THE DATA.
================================

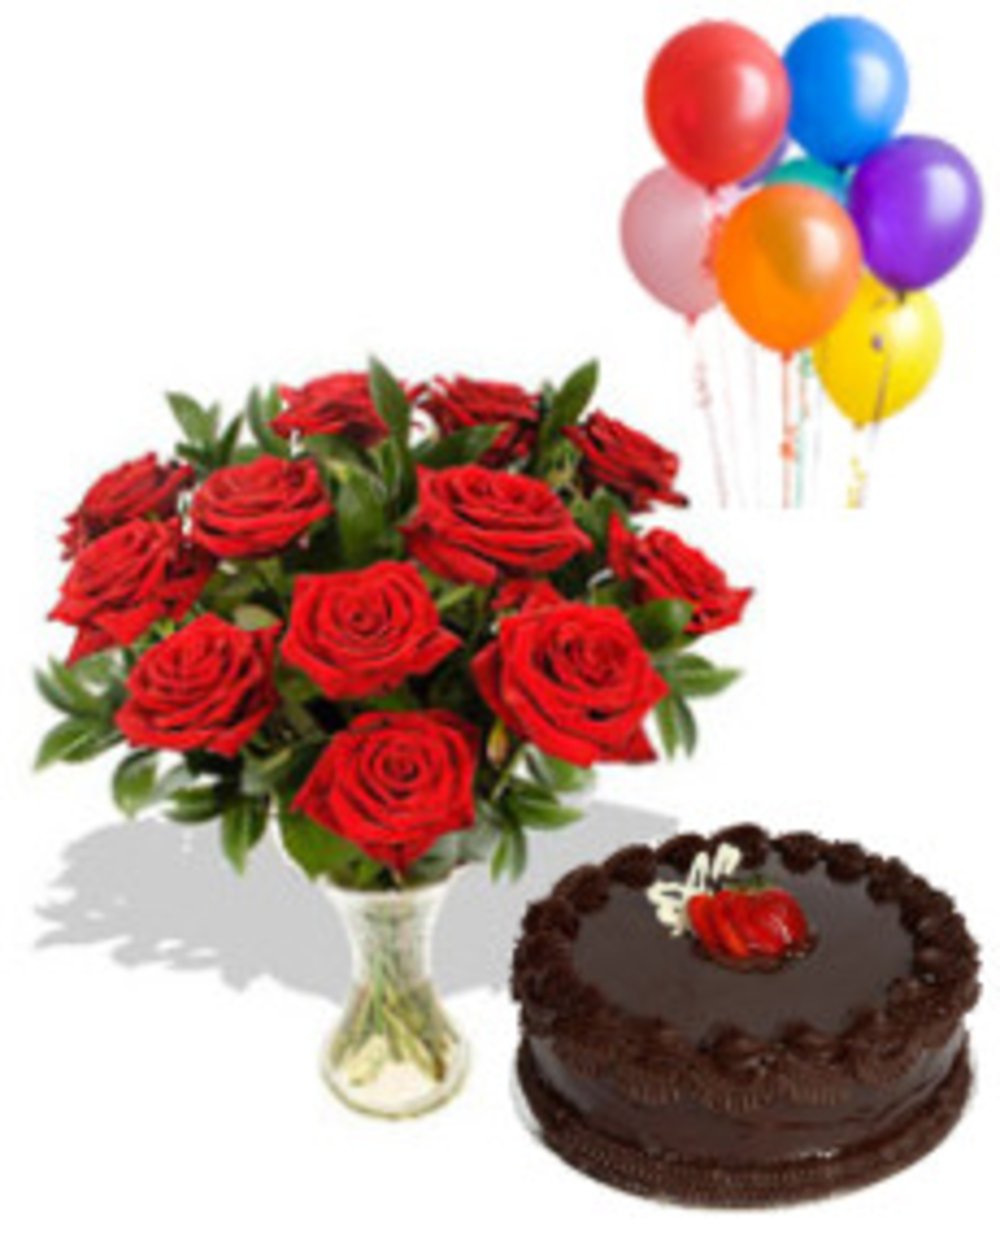 Red Roses, Cake & Balloons
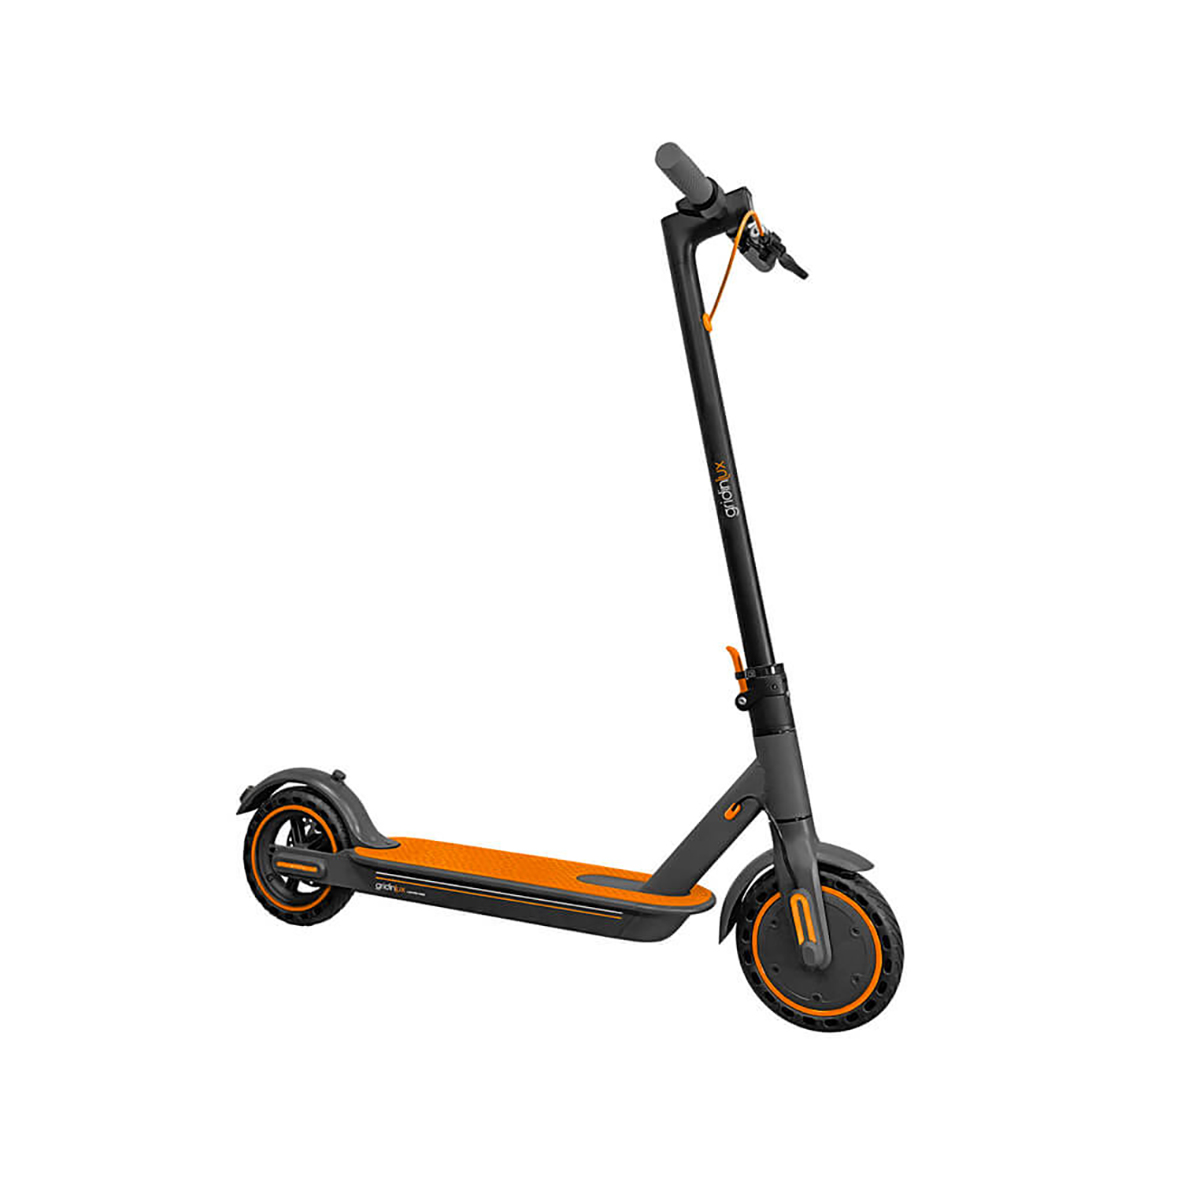 ELECTRIC SCOOTER WINNER 3000.
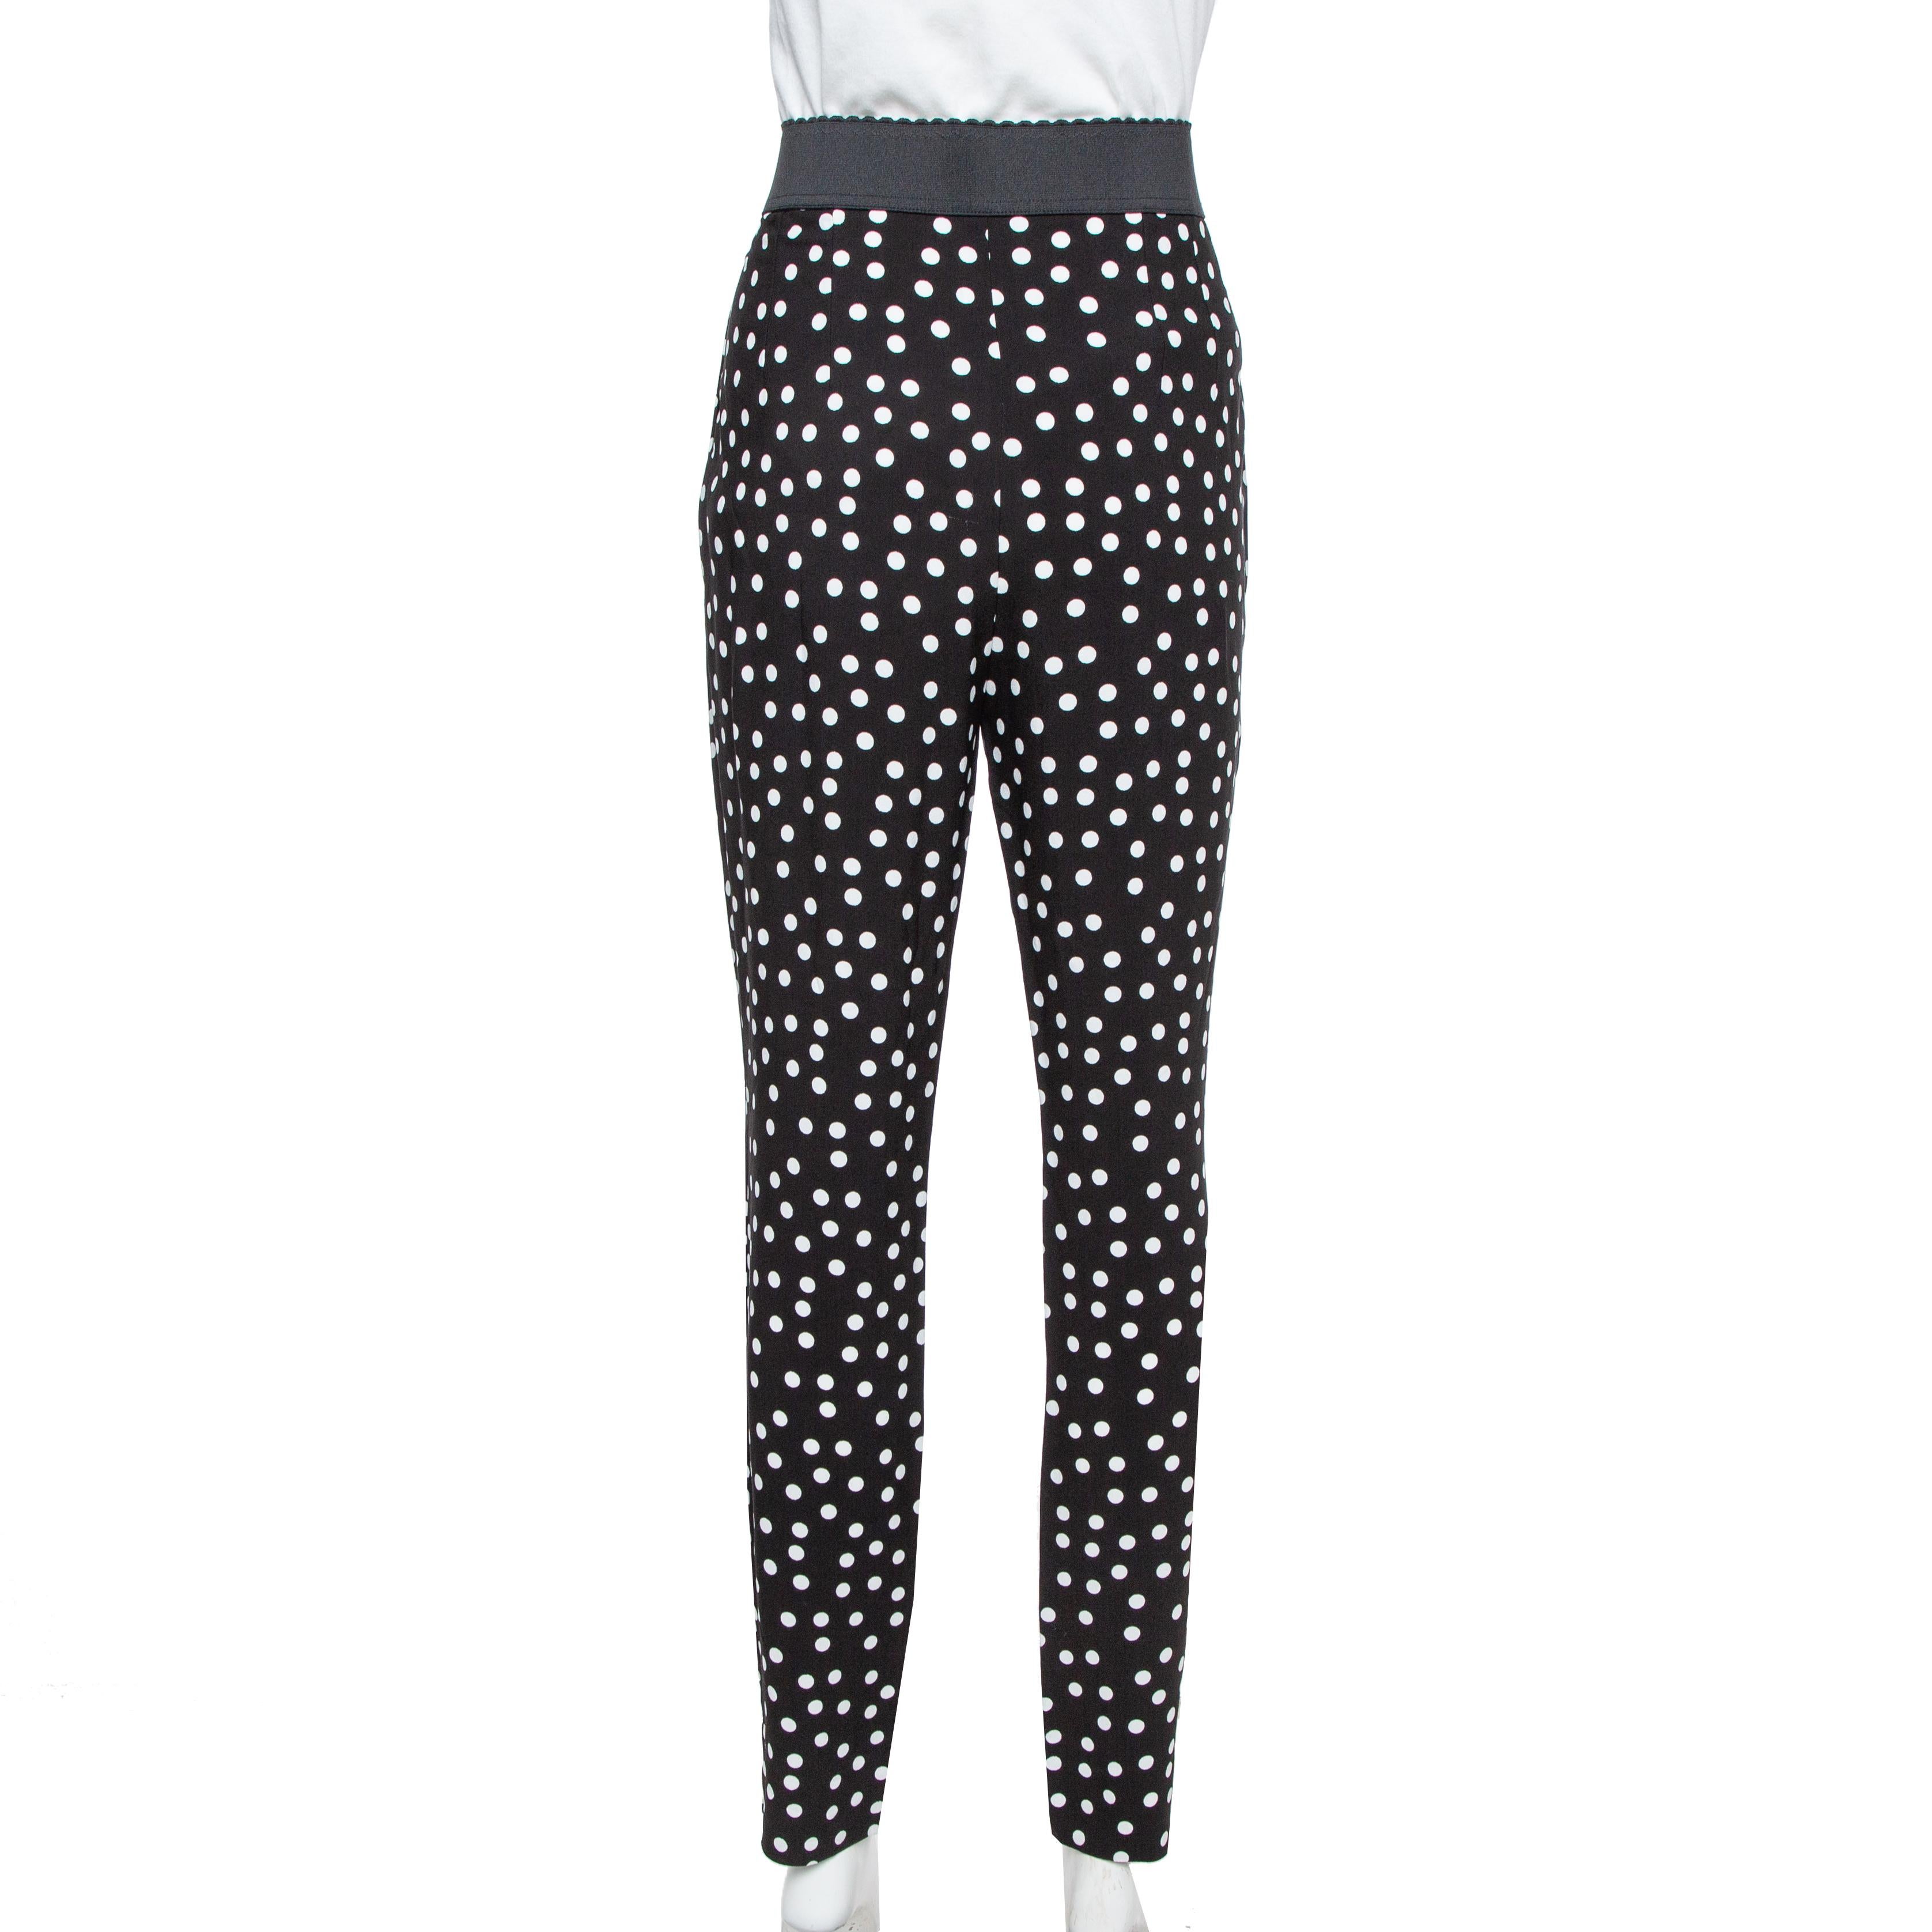 These Dolce & Gabbana's trousers are cut from crepe in a black hue and decorated with white polka-dots. They are designed with an elasticated band that sits high on your waist and fits slim through the leg. Wear them with the coordinating blouse for

================================

EXERCISE. From the line that contains "ELECTRIC SCOOTER WINNER 3000." to the end of the listing, give every line again exactly as written. Leave the pictures out.

OUTPUT.
 ELECTRIC SCOOTER WINNER 3000.
 These Dolce & Gabbana's trousers are cut from crepe in a black hue and decorated with white polka-dots. They are designed with an elasticated band that sits high on your waist and fits slim through the leg. Wear them with the coordinating blouse for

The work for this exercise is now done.